Ev - posted on 02/26/2015




I am glad that you wrote your blog. But at the same time its considered a solicitation. I did check it out and agree with everything you said about being a SAHM. But I have been on both sides of the coin. You could have put that same message here under a couple of other forums where parents debate things. The thing is being a stay at home mom is a sacrifice, hard work, has its pros and cons, and also at the same time its stigma but so does being a working mom. Both sides get tackled about that choice that was made. I have worked and had someone watch my kids and have also stayed home. I enjoyed every moment I had with the kids when I was home. i did not look at it as a sacrifice as you put it in your blog. To me it was just how it was supposed to be as I was raised in a generation where moms tended not to work at other places much but within the home. Mom not only took care of babies but she also did housework, played with us and she found time to complete projects aka make school clothing, Christmas presents (and how me and my sis never found them or figured them out is beyond me), reading, watching her favorite soaps, and yes she also worked outside the home a few times while we grew up. I thought that when I grew up that I would do much like she did and stay home with my kids all the time. I wanted to be her. But it turned out different and I had to work from time to time to make ends meet. Not a lot of women have the choice you do. They have to work because the family would not survive if they did not. Consider yourself lucky you can stay home.
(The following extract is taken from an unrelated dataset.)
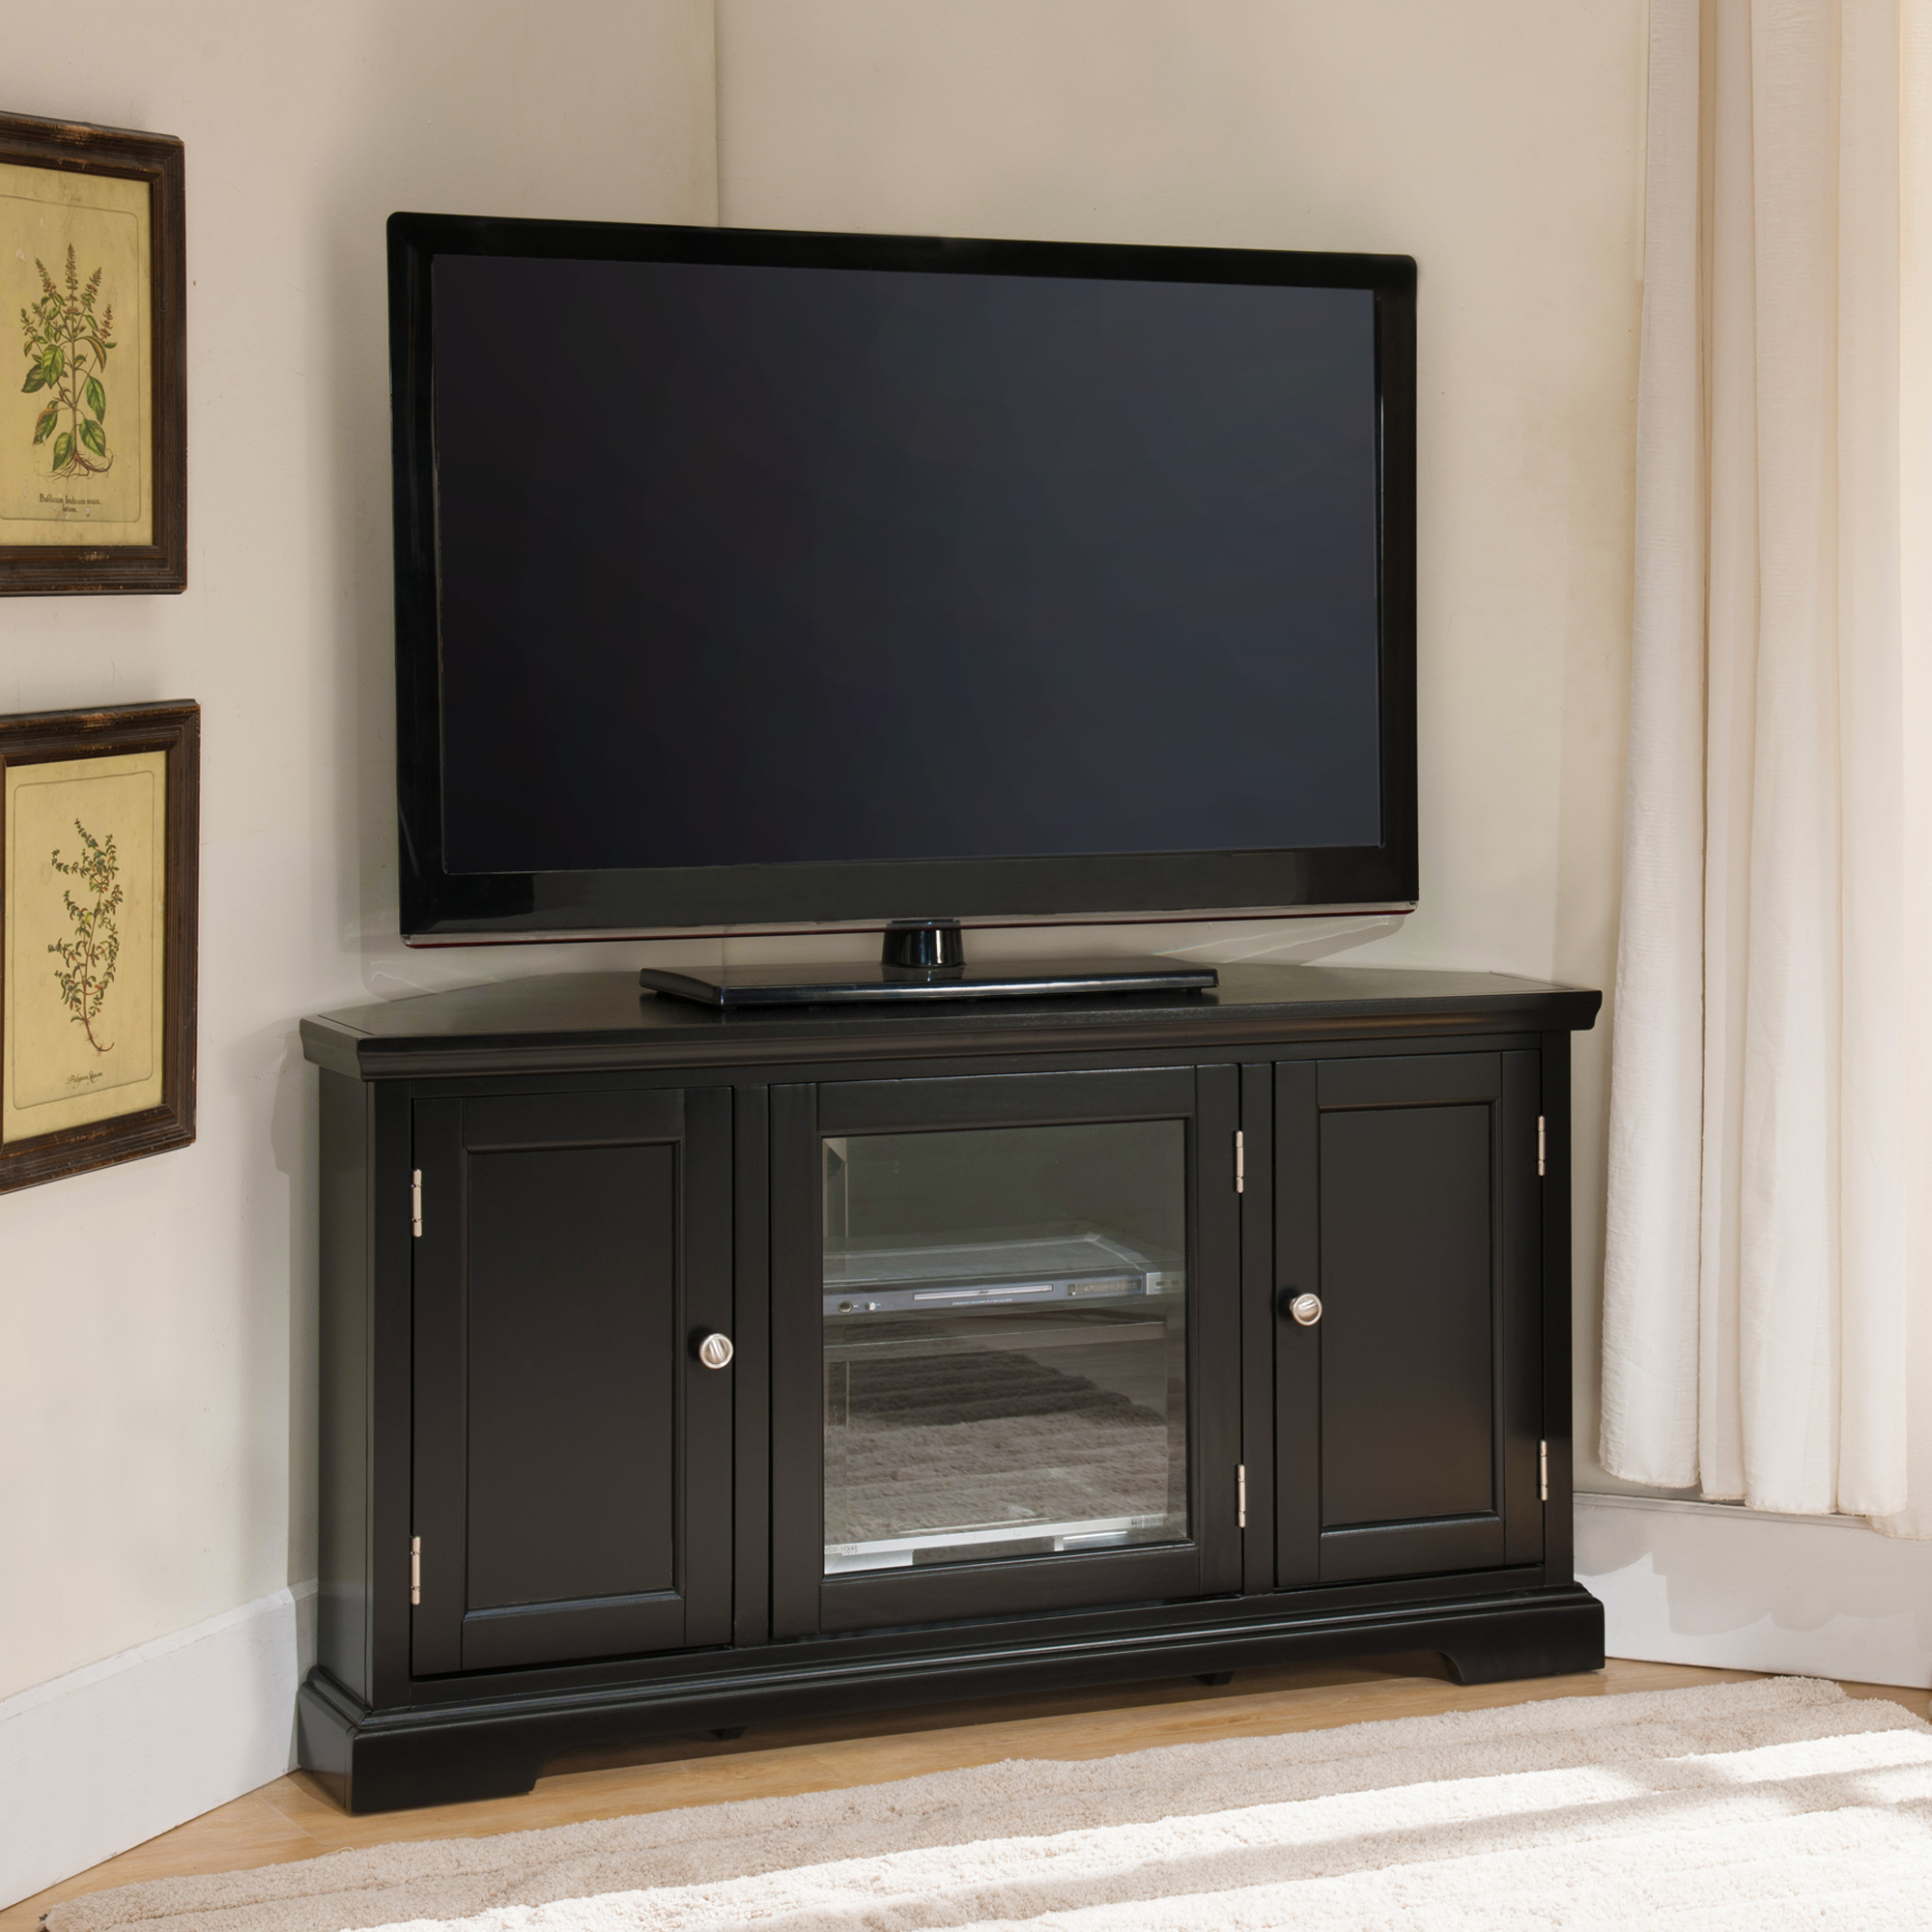 Leick Home 83385 Three Door Corner TV Stand with Cabinet Storage For 50" TV's, Black - image 1 of 13

But I have to disagree that going out and getting a job these days is not that easy. Hundreds will petition for the same job and depending on how many spots might be open on a a select few get the jobs. And if you stay out of the job market for a long enough period of time like a friend of mine, and they look at ten years back most of the time, you may not have anything to show them but what you did 20 years ago. Just saying. I wrote a blog myself about Non-Custodial Mothers and it also has a stigma attached to it as well but I can not post the link here as I said its considered solicitation.